**What needs to be done:** Restate word for word the lines below that run from the one holding "Olümpiavõitja Gerd Kanter" through the one holding "Las Vegas Raiders Letter", inclusive. Pictures don't belong in the copy.

**Data shown:**
►

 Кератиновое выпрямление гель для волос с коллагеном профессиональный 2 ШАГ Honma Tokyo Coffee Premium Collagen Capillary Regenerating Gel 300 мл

◄
►

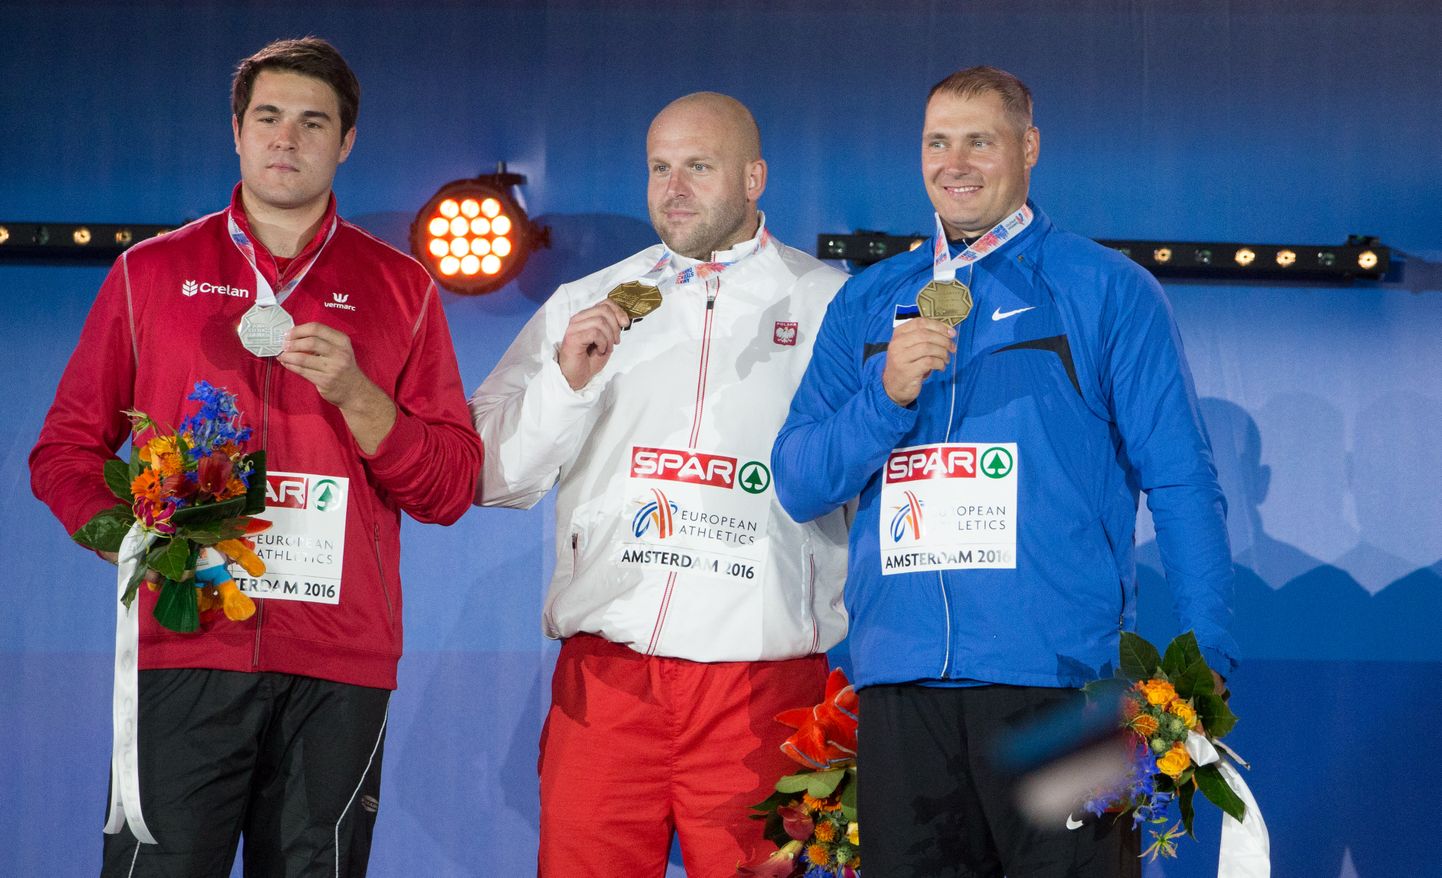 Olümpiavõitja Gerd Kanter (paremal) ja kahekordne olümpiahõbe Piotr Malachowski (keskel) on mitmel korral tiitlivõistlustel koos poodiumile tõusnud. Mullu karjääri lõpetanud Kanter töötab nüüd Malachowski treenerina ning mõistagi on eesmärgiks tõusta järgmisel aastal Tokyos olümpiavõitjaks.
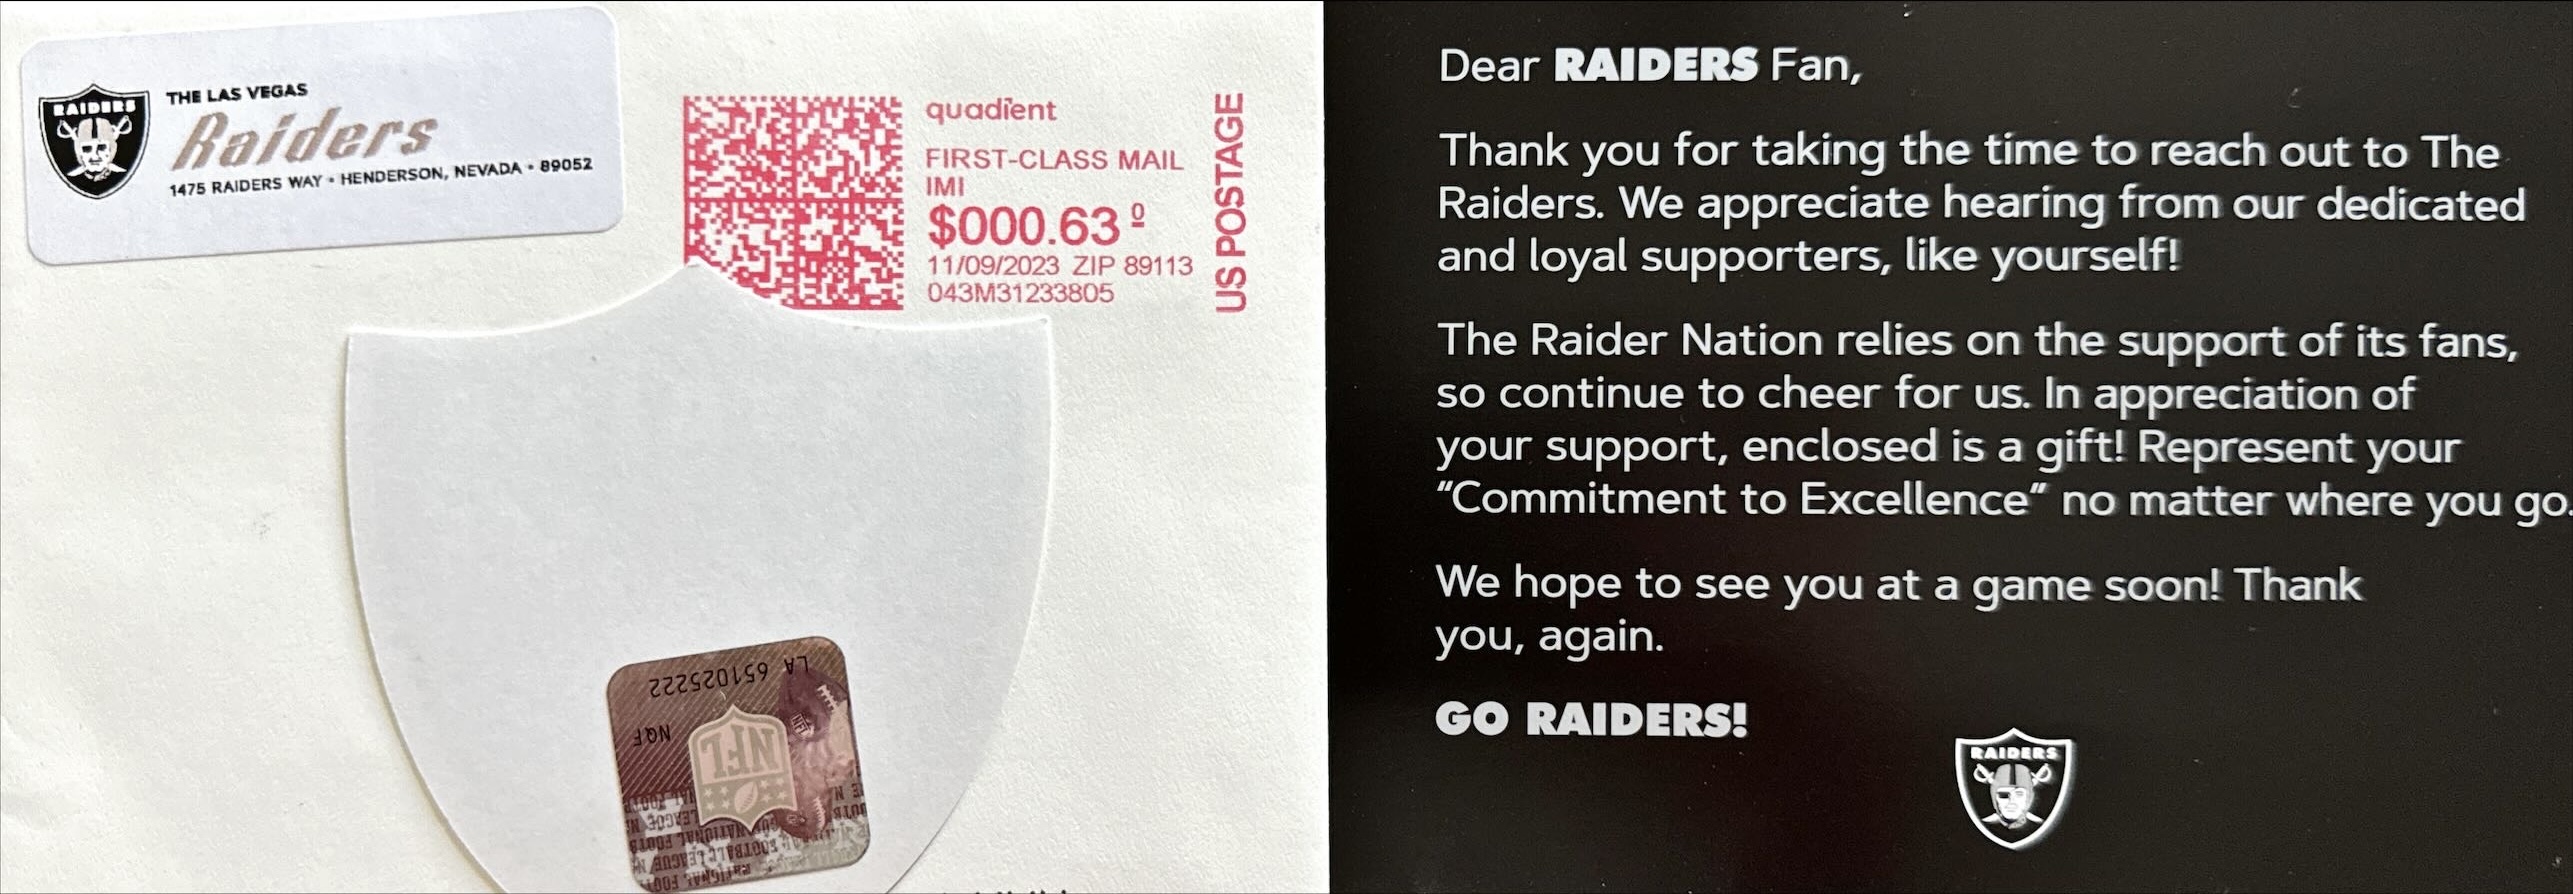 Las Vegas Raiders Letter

◄

**Response for this exercise:**
 Olümpiavõitja Gerd Kanter (paremal) ja kahekordne olümpiahõbe Piotr Malachowski (keskel) on mitmel korral tiitlivõistlustel koos poodiumile tõusnud. Mullu karjääri lõpetanud Kanter töötab nüüd Malachowski treenerina ning mõistagi on eesmärgiks tõusta järgmisel aastal Tokyos olümpiavõitjaks.
 Las Vegas Raiders Letter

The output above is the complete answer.